Матерь Сва, хранившая и научавшая давних предков, вскармливавшая и оплакивавшая их в той давней Руси, ныне в Руси христианской, в семье великого князя, пользовалась тем же послушанием и уважением всего семейства.

Появилась девушка Палага в княжеских хоромах перед самым рожденьем первенца – Мстислава. Было ей тогда неполных пятнадцать, но, статная, дебелая, пышногрудая красавица, она уже тогда казалась истинной матерью – продолжательницей великорусского рода. В ту пору и родила настоящего витязя, но кто был отцом новорождённого, не было известно. Дитя о пяти месяцев отобрал у Пелагеи батюшка Мономахов – Всеволод Ярославич, а к грудям её был положен только народившийся Мстислав. Княгиня Владимирова, изнеженная, царского византийского рода, зело занемогла после родов и не могла сама кормить первенца.

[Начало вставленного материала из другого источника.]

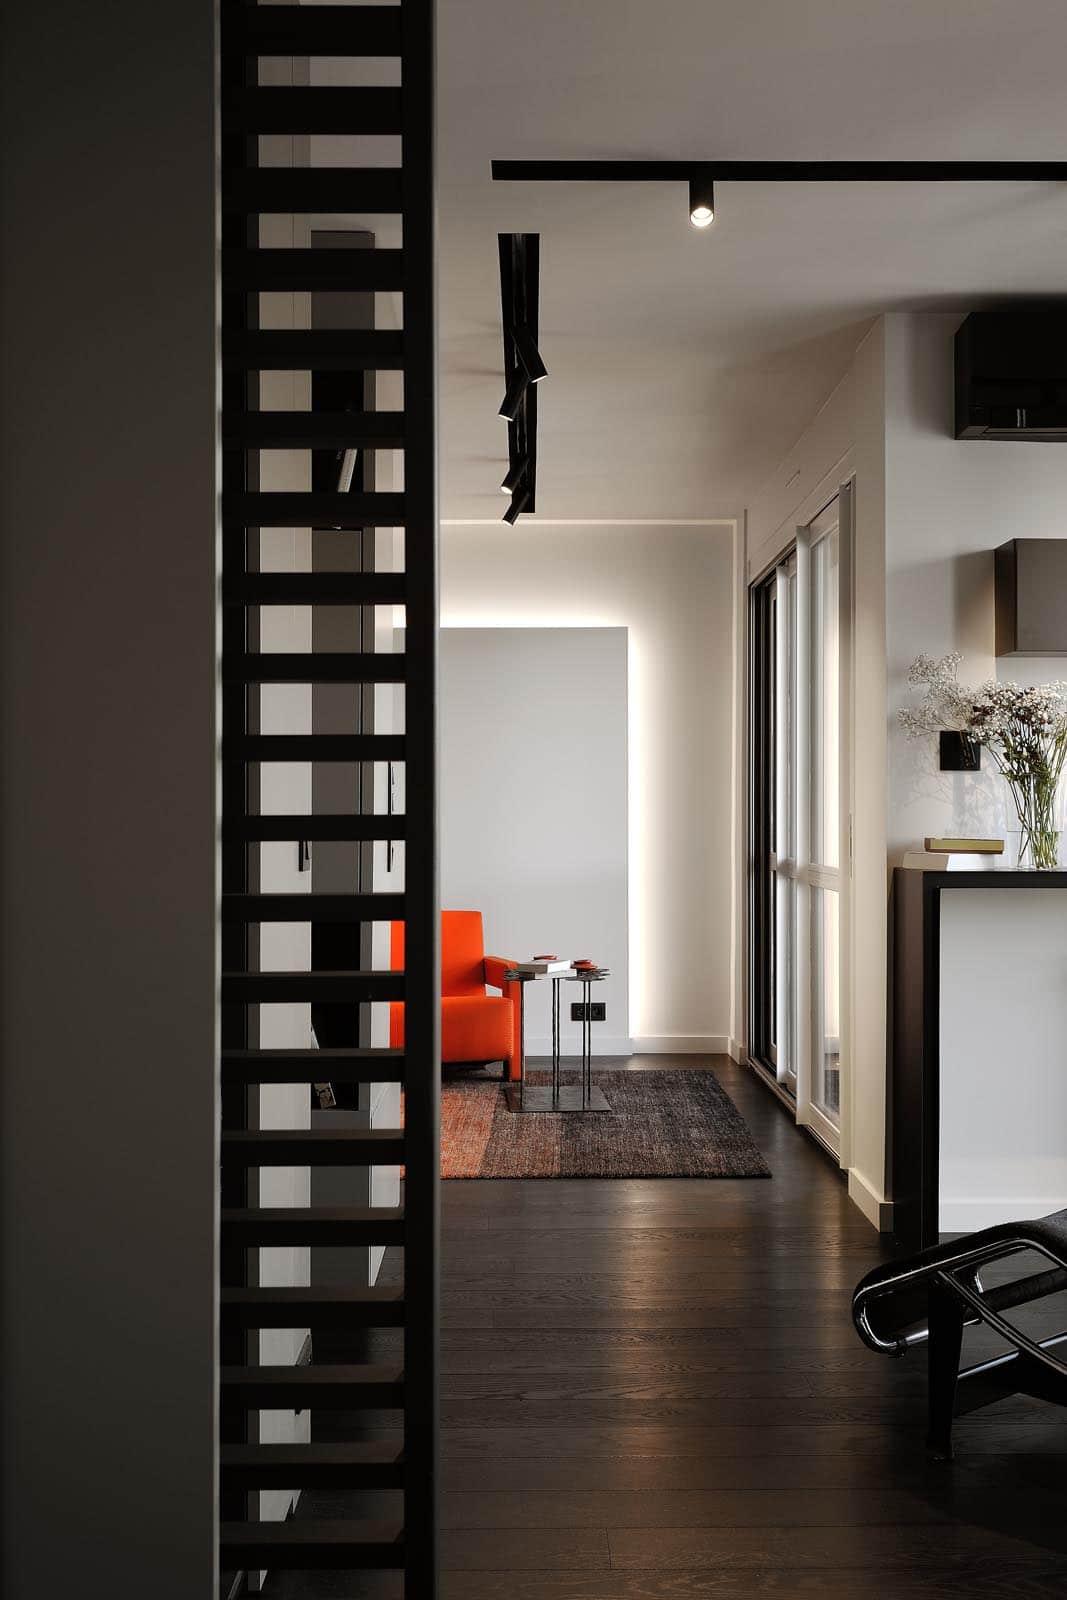 St-Antoine_Architecture-Interieur_VADOT_06
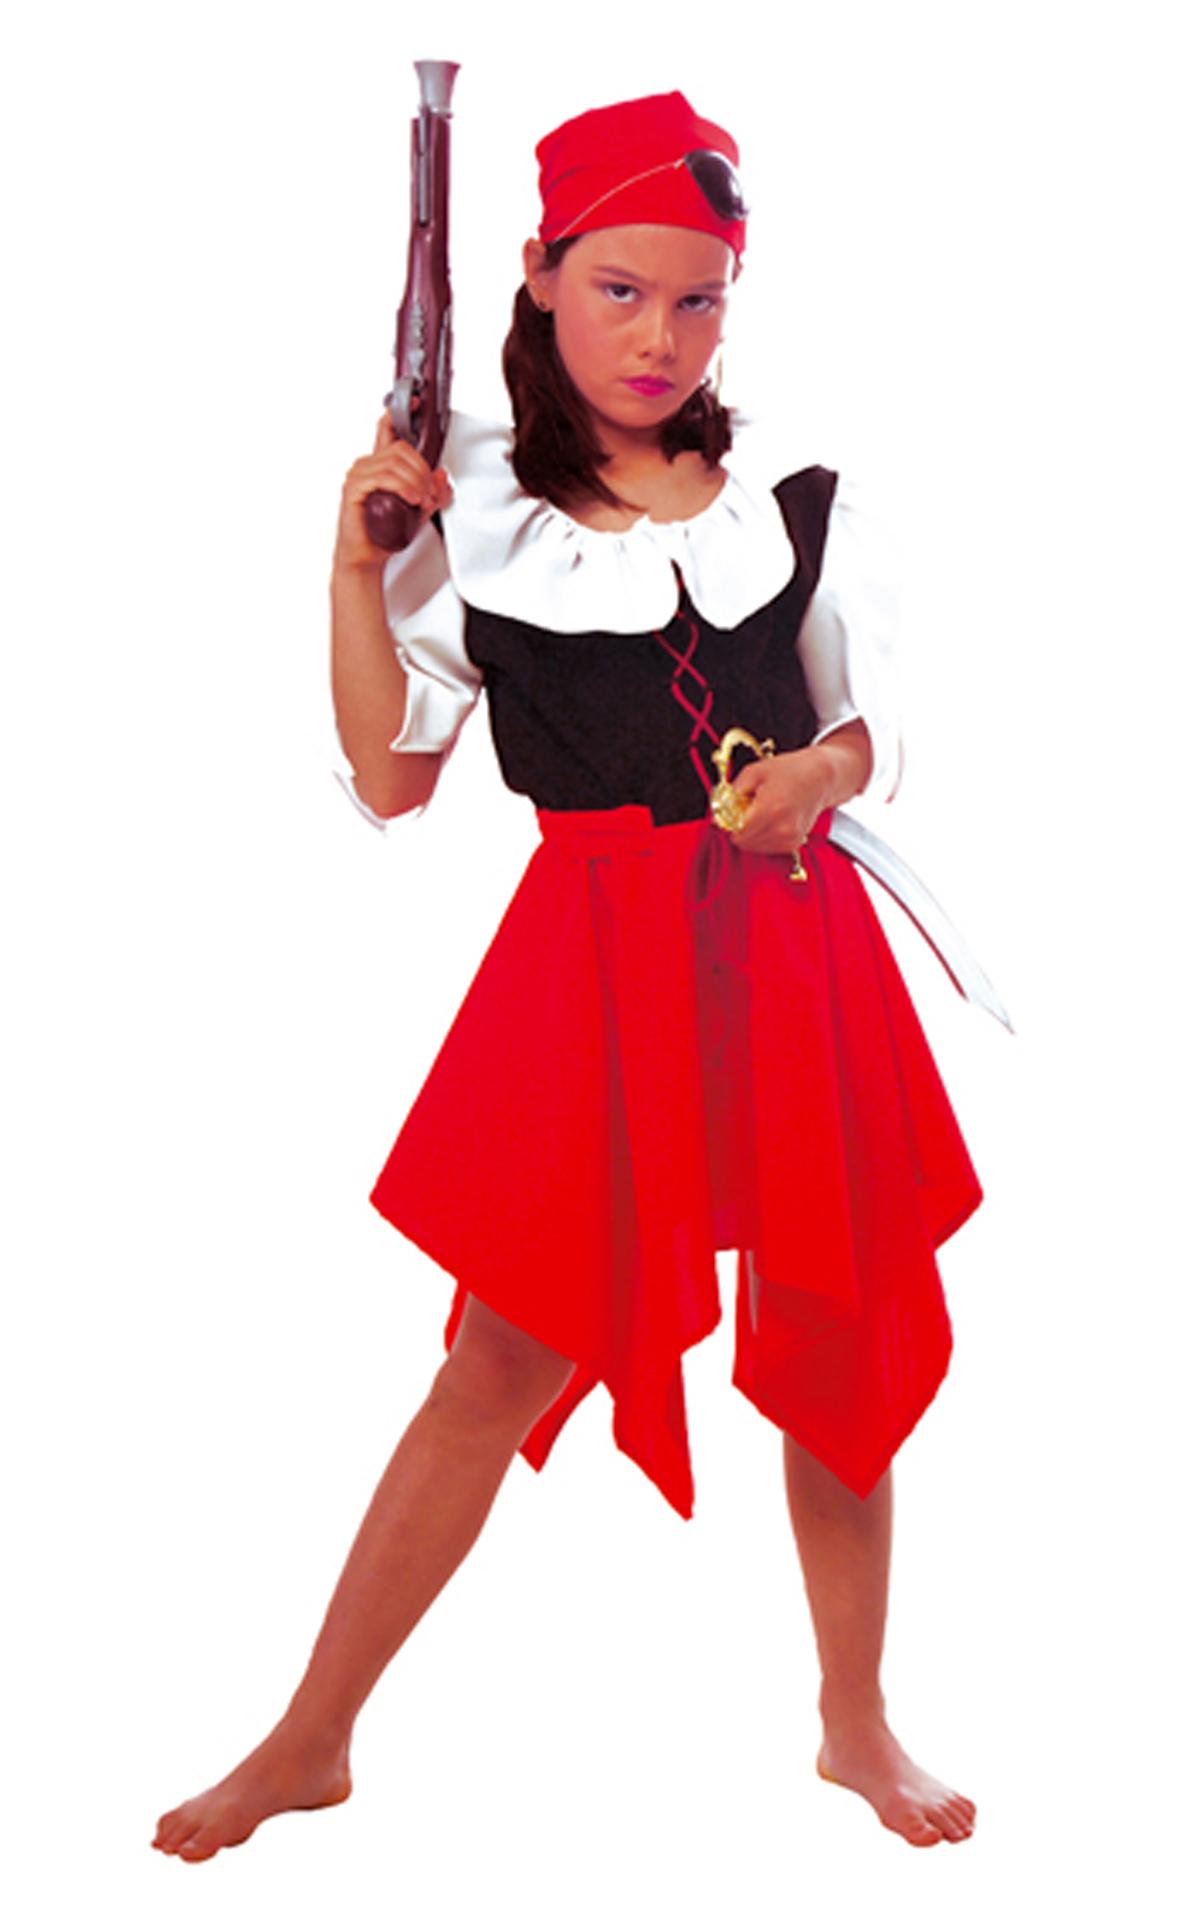 Wonderlijk Piraten Kostuum voor Meisjes bij karnevalswierts.com DA-48

Палага сумела бы выкормить не только своего и Владимирова дитятю, но и ещё двух, однако родного Всеволод у неё по каким-то своим соображениям отнял. Во всем этом была великая тайна. Слабый просочился тогда из княжеских опочивален слушок: не отнимали у мамки дитя её, помер греческий наследник, родившись недоношенным. Сама же Палага – невенчанная жена Мономаха, и дитё у неё от него. Такие слухи навсегда пресёк Всеволод Ярославич, а тех, кто посмел говорить о том, умертвил. Умерла и тайна.